I talked with my partner and CFO of my company about this and he worked out a solution. Once my contract ends (within a couple of months), I will be moving to a new corporate contract with AT&T that costs less than half of Verizon's. Verizon just lost a significant chunk of change each year as more employees move away from Verizon (and why wouldn't they with this sweet a deal?). Maybe this will wake them up and they will finally understand why not providing security patches is bad.
I am still deeply entrenched with the FCC and their current investigation into this practice and intend to see it though. The goal is regulation that prevent any carrier from withholding available patches from their customers. My case is a prime example of why they shouldn't be allowed to expose our phones to a successful attack when it's easy to prevent it.
I have a relatively obscure server on the network and even it is constantly being seriously (but sometimes humorously) attacked thousands of times each day. I learned a big lesson back in 1990 when a server was successfully breached and a rootkit installed. Once that happened, a complete wipe and reload of the system was required. Unfortunately, there are few tools to detect and prevent these kinds of attacks on our phones. We must rely that the phone is supported by diligence and rapid patching of any vulnerability. In the case of Blackberry, this is what they have promised and done admirably. In addition, they've locked the bootloader and provided tools (DTEK) to validate that the kernel hasn't been compromised. This is why I choose to purchase a new Blackberry and switch carriers rather than Verizon's proposal that I switch phones. The Blackberry Priv gives me security plus a physical keyboard that supports launch shortcuts and quick device searching (Not quite WebOS's "Just Type" but close enough).
I pity the consumer that ends up violated with their personal information stolen (possible identity theft), data usage goes off the chart, or their phone stops functioning because Verizon's actions.
Chief Software Architect
Personal Information removed as required by the Verizon Wireless Terms of Service
Message edited by Verizon Moderator
I think that the only issue I have with this forum is, in all the time this thread has been running, only one verizon support person, Jennifer, contributed with a single post. This was greatly appreciated by me even if it didn't add anything we didn't know to the discussion.
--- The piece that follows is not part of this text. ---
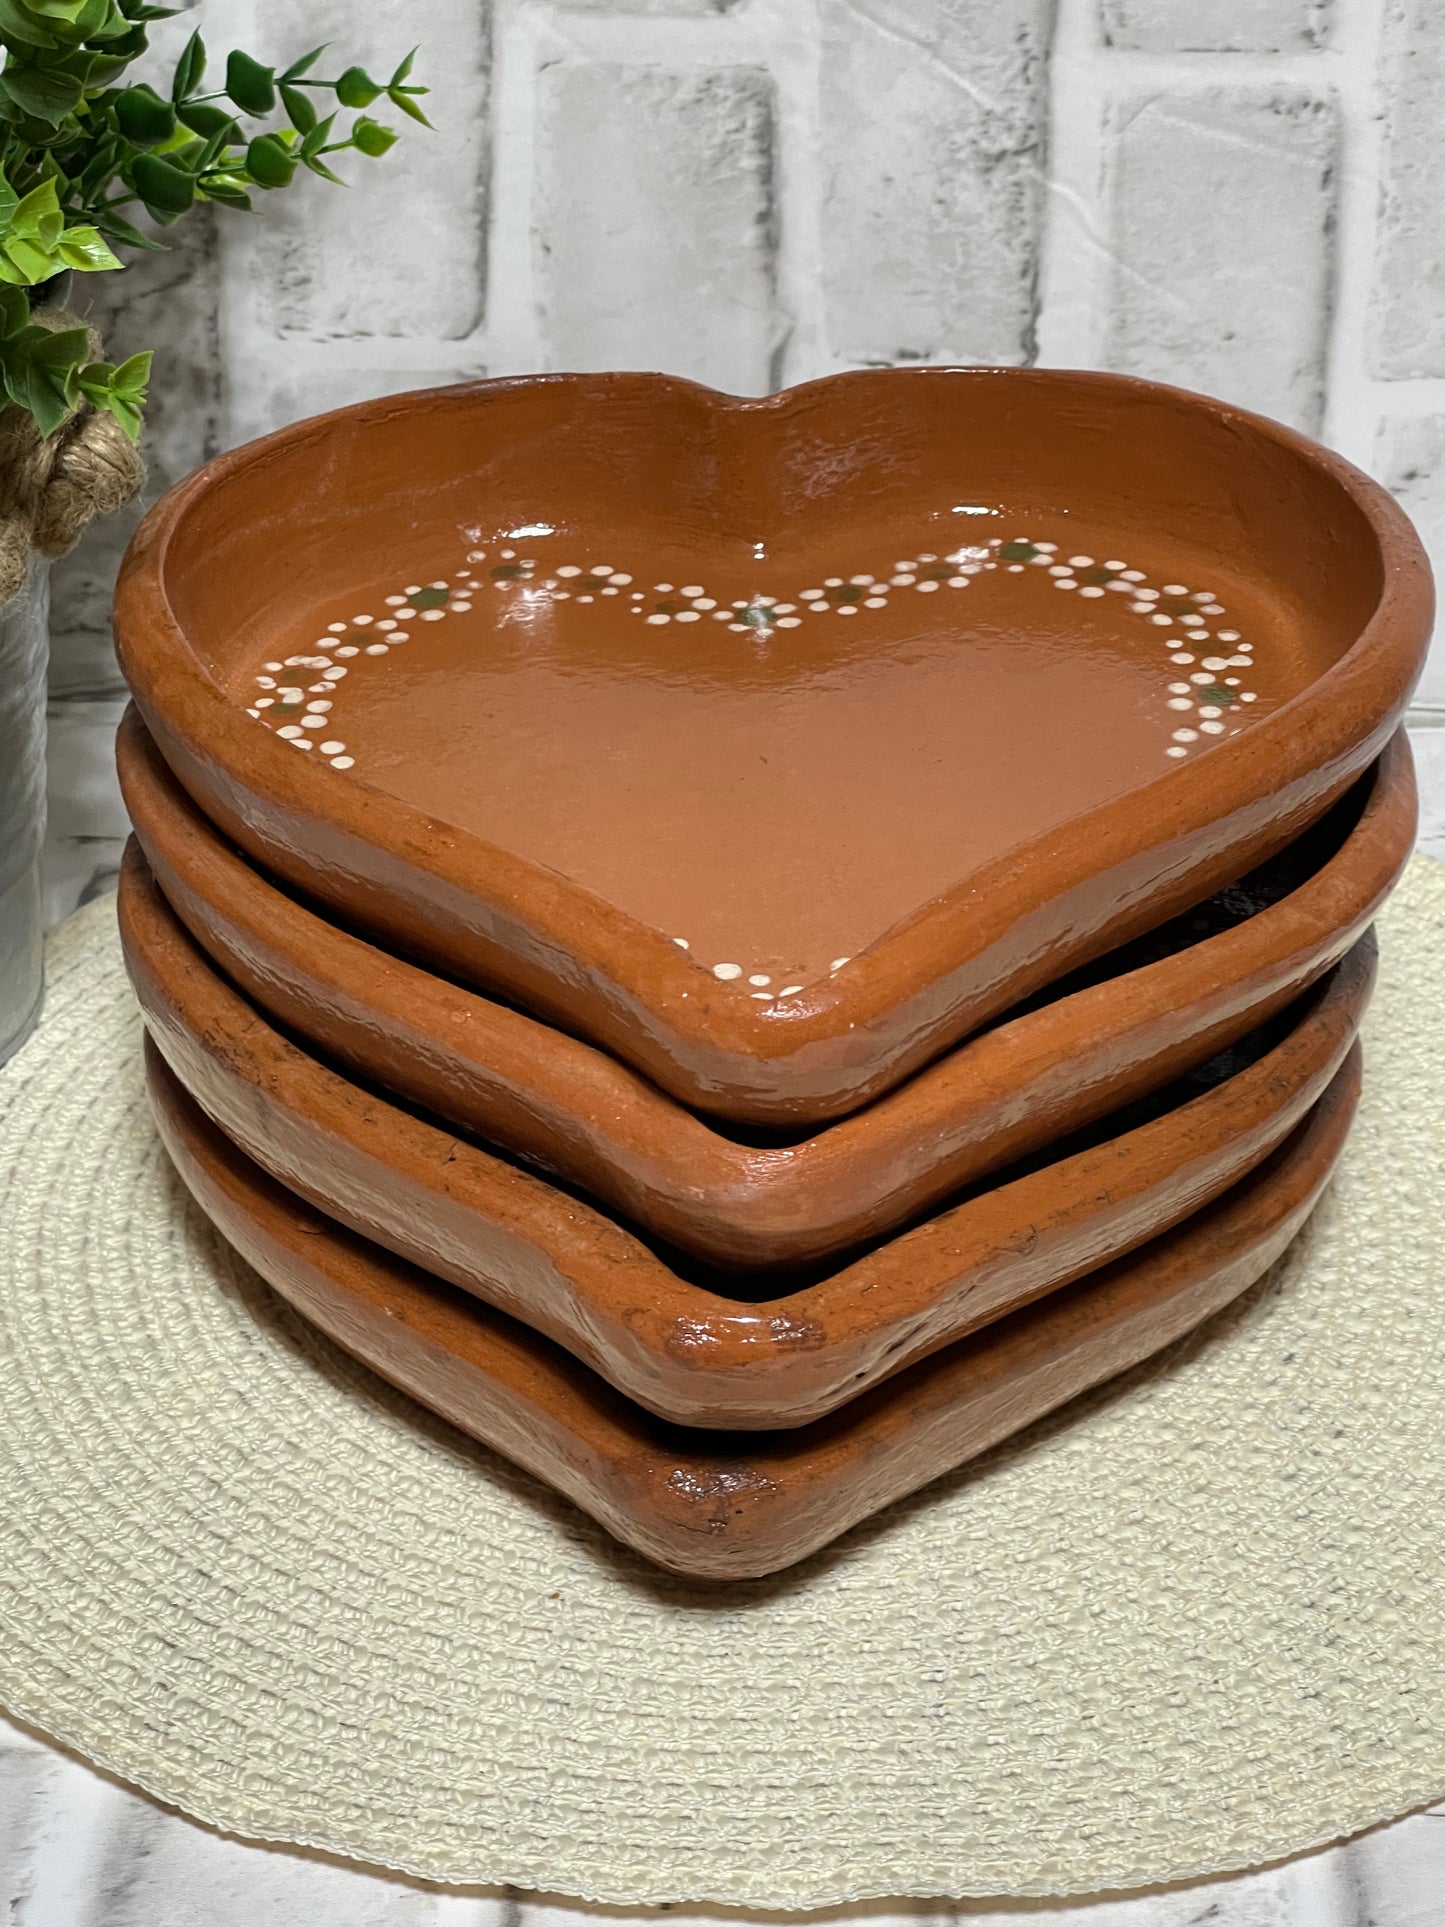 Terracotta corazón plate/Plato corazon 9” de barro-2pc set
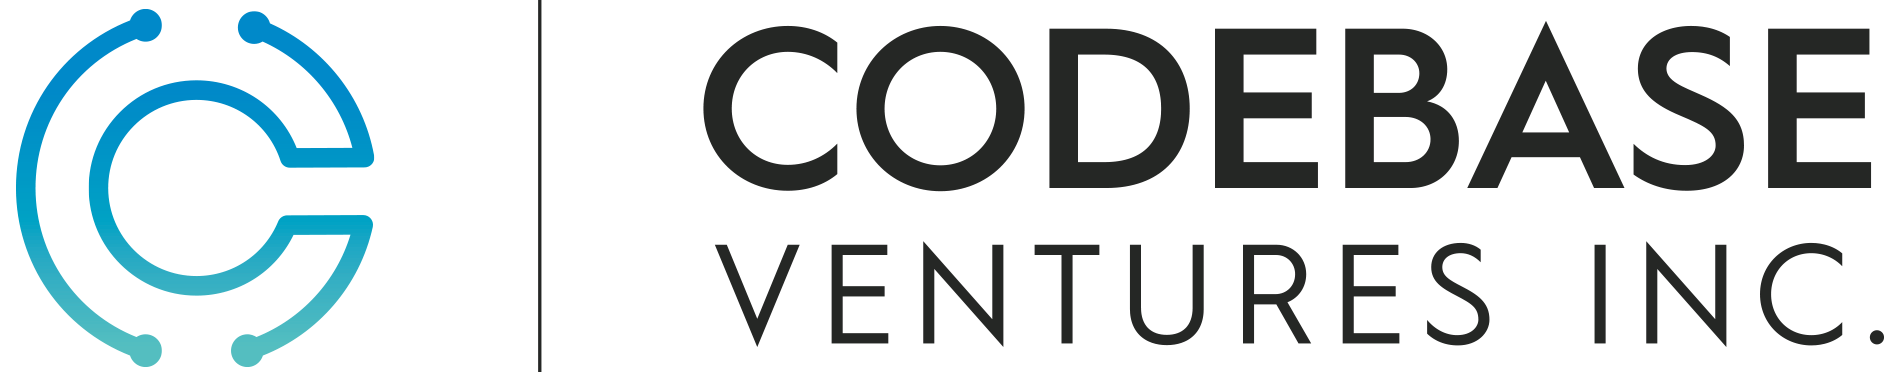 Codebase Ventures

I wish there were more support persons that took an active role to either dissuade us, comfort us, or help us in our goals.
Where did you read that BB isn't going to update Verizon? As far as I know they will send the October Security Updates to Verizon along with all their other carriers. I haven't seen the list of vulnerabilities yet. If it's like all the other updates, it will probably fix 40 vulnerabilities. Add that to the list of 260 that's sitting somewhere in Verizon instead of pushing them to our phones.
Blackberry's October patch release is now official. It fixes 57 security vulnerabilities. The new total is 317 available patches for the Priv.
Thank you for the information. I also would like Verizon to quit stalling and give customers the security updates. It is appalling to pay full price for a phone and have this company ignore me and other customers. Can you hear me now, Verizon? Very Truly Yours. KS
Thanks for the info, I've been keeping track by reading other forums, etc.
There is no reason whatsoever for Verizon to sit on the updates.
Leaving Priv on Lollipop 5.1.1 puts all users at a great security risk.
Not acceptable at all.
I fear that Verizon has just declared the Priv dead as they dropped the price from $408 to $100. Sounds like a fire-sale to me. I hope that those that pick one up get as unhappy as we are. I'm advising Pixel buyers to pick it up from Google instead of Verizon so they don't get into the situation.
If it's any consolation, the number of FCC complaints has gone up almost 300% over the last year and that was only for billing mistakes.
How is it a security risk? You only consider it a security risk
because it doesnt have Marshmallow. You could activate an old bold and the device would still be as secure as anything else's.
That may be what you think, but if there has been 317 or more security updates, besides new features since June 2016 (Lollipop 5.1.1), no matter how you look at it, we are being screwed because Verizon is not upgrading the Priv to Marshmallow. My phone is secure because I am diligent, but that doesn't mean we aren't getting ticked off by Verizon's lack of support. I am still waiting for a reply from Verizon after filing a complaint with FCC. You are honest, you don't get an answer. PHHHBBBTTT.
rpherson suggests we all pick up a device no longer manufactured. He has the audacity to suggest that this is as secure as anything on the market. Let's all pick up a Palm 680 since the company no longer exists. That must be even more secure. You don't have a clue what a secure phone is. To people that make a living in security it means rapid patching of known vulnerabilities. Yes, Lollipop is inherently less secure than Marshmallow which is less secure than Nougat. Google has documented as much. However, Blackberry has hardened the bootloader and kernels. They also have utilities to identify corruptions to the security of the kernel which makes Marshmallow roughly as secure as Nougat. Lollipop cripples DTEK analysis and functionality, hence Dick's statement is valid.